I've found just incredible security gaffs in AWS' Professional Services' code and publicly shared solutions and sample code. What's that tell you?
Why do we have the plague of public S3 buckets? First, Amazon had buckets marked public by default way back when (as I recall) but more to the point, people can't figure out what "public" actually means, and can't write a bucket policy to save their life. Only recently has Amazon written a system that traverses the ecosystem of all buckets and sends the account owner an email asking them "did you really mean to do that"? I got mine a couple days ago but the buckets have been public for well over a year. How often does the check fire? Within say a couple hours of a bucket perm change?
AWS is sufficiently complicated and obtuse even people with good IQ and a rigorous approach are easily tempted to take shortcuts. Disaster follows as expected.
When designing nuclear power plants (Ukranian test program aside) it's done by very SERIOUS people, who take their time and have their work checked meticulously by other very serious people who are looking for mistakes. Clearly that pattern does hold for the FAA and Boeing but that's a separate topic.
Now let's look at the typical 'Dev' pretending to be Ops, hell, look at your typical IT bod be they helpdesk or sysadmin. They are some combination of incredibly dumb, lazy, sloppy.
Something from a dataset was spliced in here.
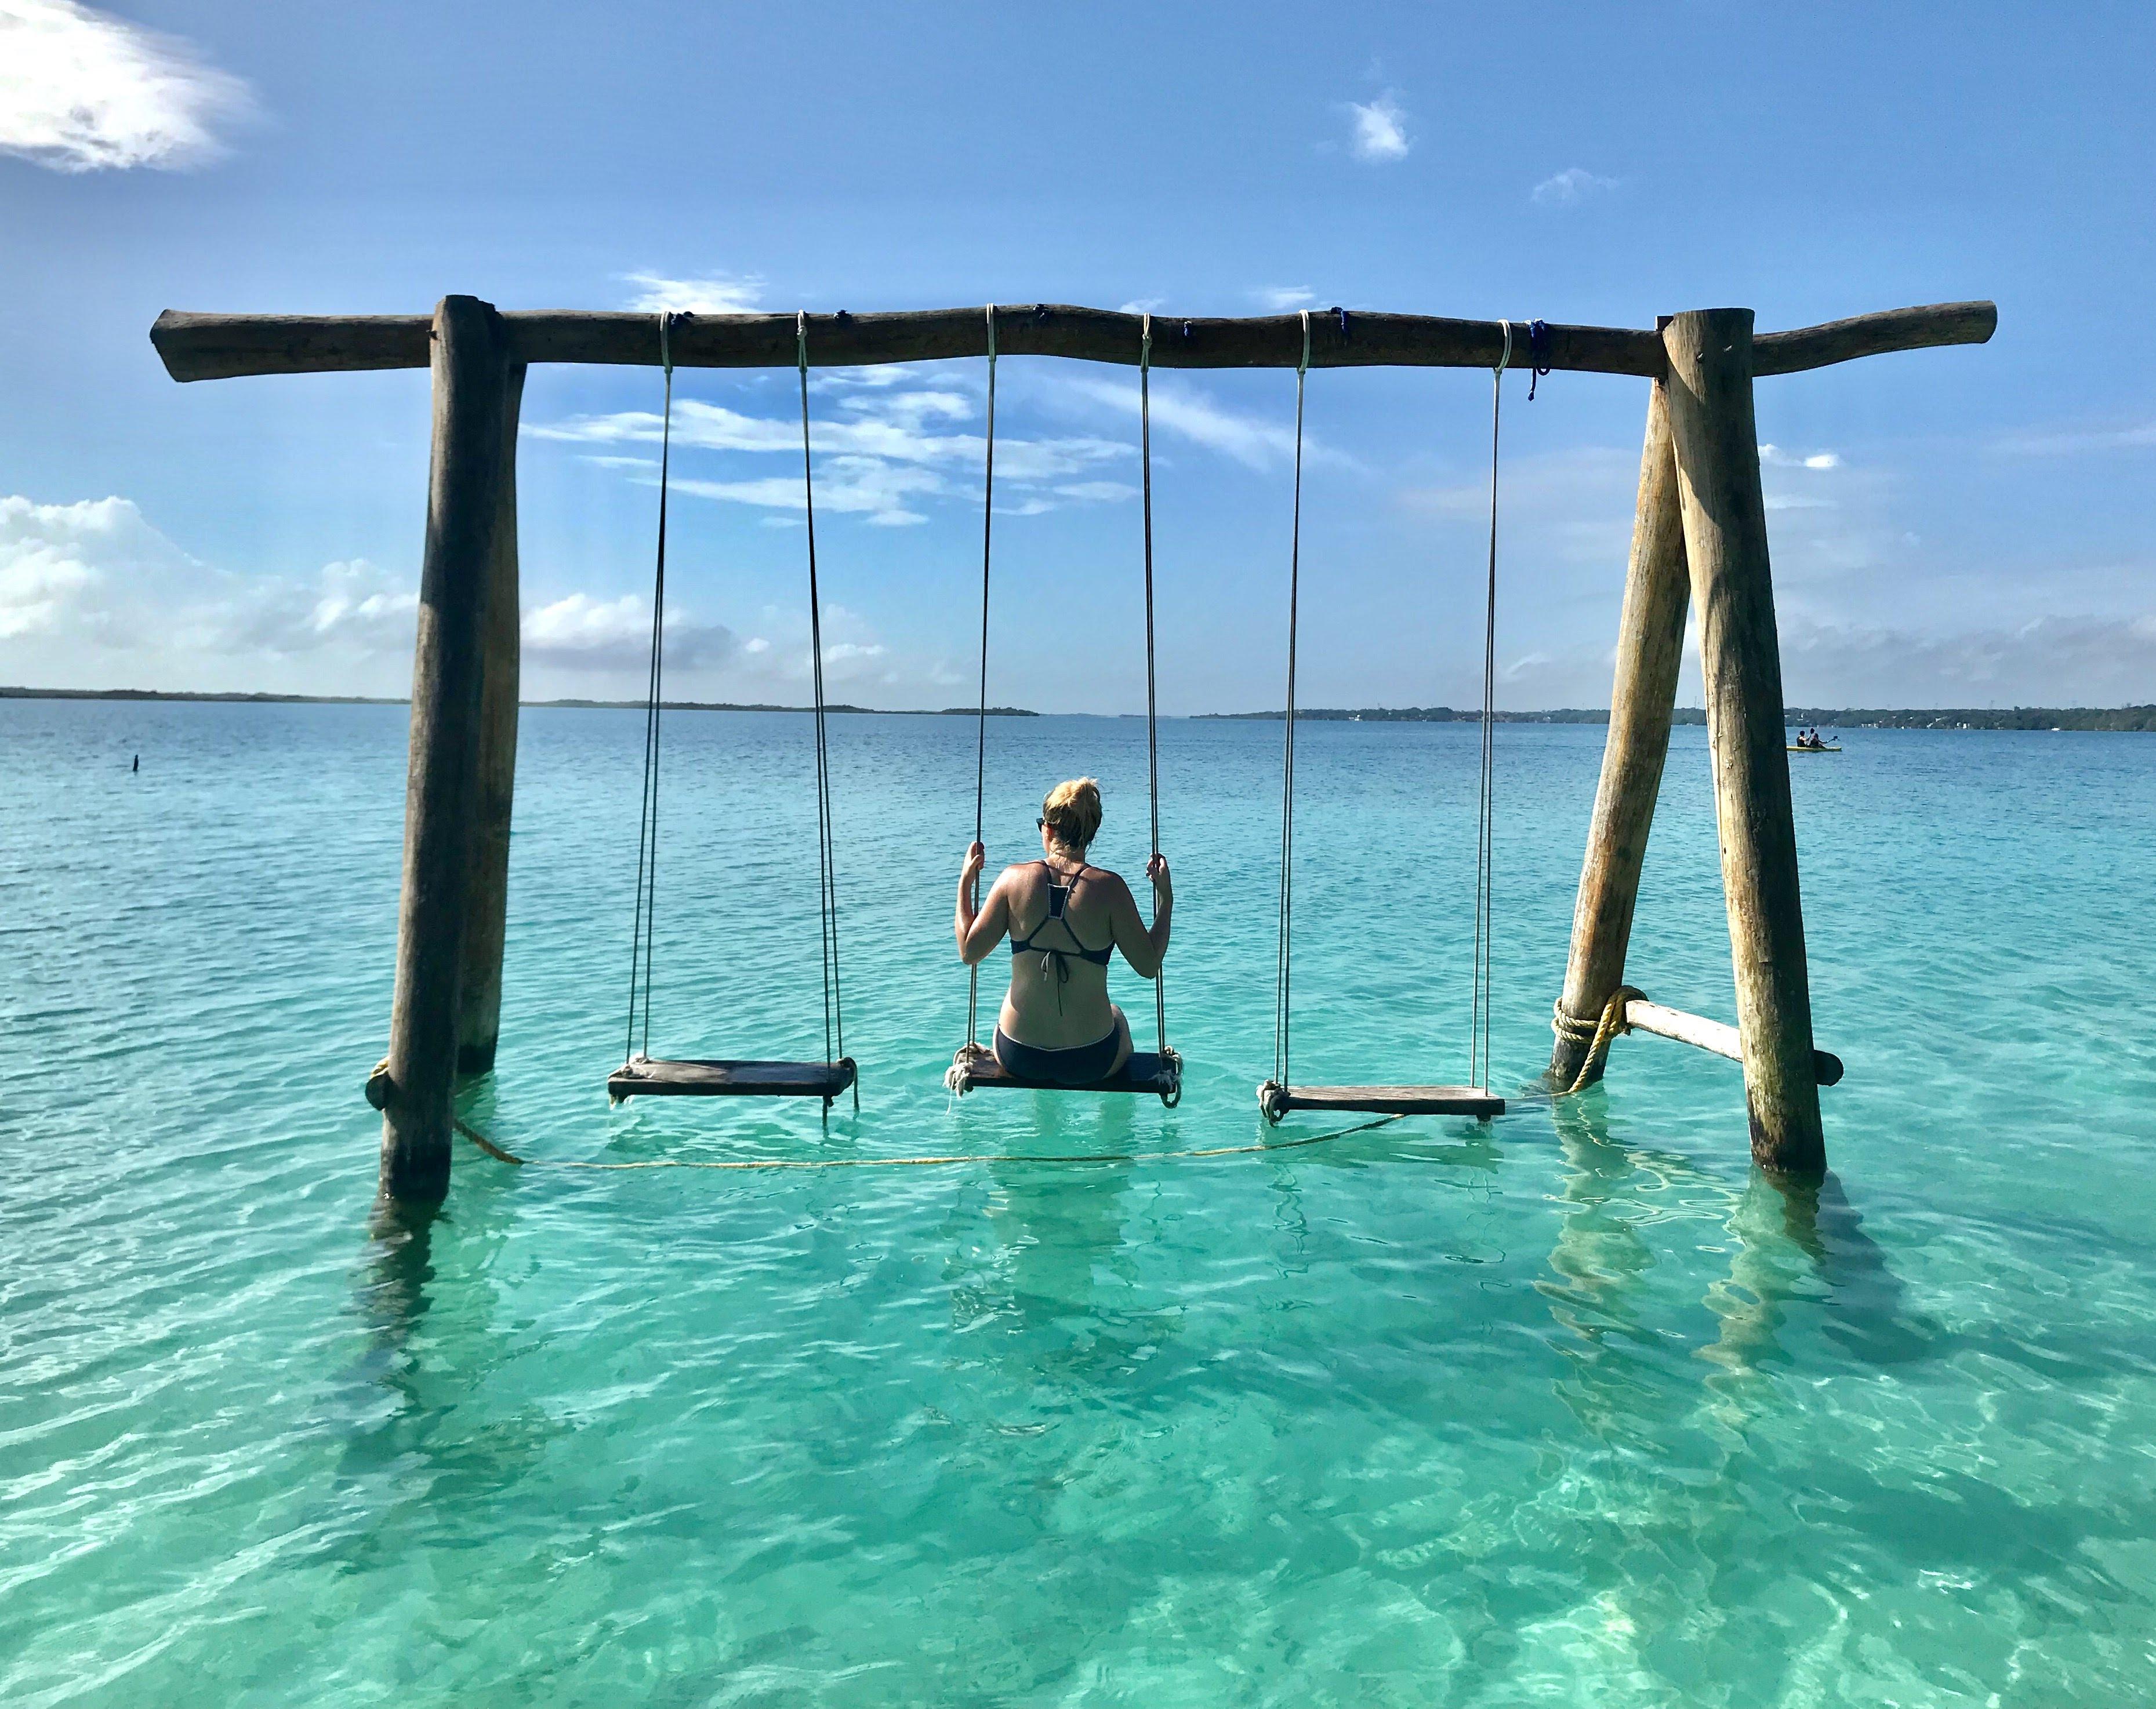 girl on water swings in laguna bacalar

How many times has Microsoft f*cked millions of machines because they didn't test their software patches. And they are supposed to be 'smart'.
Security is HARD. AWS does it's users no favors by designing a system even experts shy from. The world would be a vastly worse place if IAM roles were not being used. The trick now is to somehow get people to write policy statements in a responsible fashion.
certain employees have out-of-band access to objects because they can walk the metadata and hit objects "in the raw" and bypass the ACL mechanism. At some level this criminal had 'privileged' knowledge like which VPC or IP was defined in the bucket policy ACL and had abused/retained sufficient access to scrape the data.
> Yes - You can have S3 Buckets behind two firewalls using S3 VPC Endpoint within your private subnet without exposing onto the internet.
utter rubbish!
A VPC service endpoint simply means your request traffic that originates from within the VPC doesn't need a NAT or Internet Gateway to hit the S3 web tier servers that sit in publicly reachable IP space. The traffic stays "internal" to AWS datacenter routing CIDR.
The information disclosure has nothing to do with someone sniffing the request/response traffic. Rather the security permissions on EACH object stored in the S3 bucket. If you mark an object as public or have a bucket policy that makes some/all of the paths public, the object WILL be served to you no matter how you requested the object.
I can sit here in my own VPC with S3 endpoint and grab every public bucket object I want and it's totally legit. The bucket/object owner is exclusively the idiot who allowed people to enumerate and GET the objects.
The reason there are so many cases of public objects which weren't intended to be so 2 fold:
1) early on the defaults made it quite easy to pick 'public' without clear warnings as to what that meant
2) Bucket policies are 'hard' to write and most people are simply too STUPID or lazy to tackle the topic and out of frustration just click the 'public' button in order to shut up the developer who also can't be bothered to use an IAM role bleating about his delivery is being impacted because he can't see the data.
IT is not for stupid people but there are a many millions who are involved because they are cheap.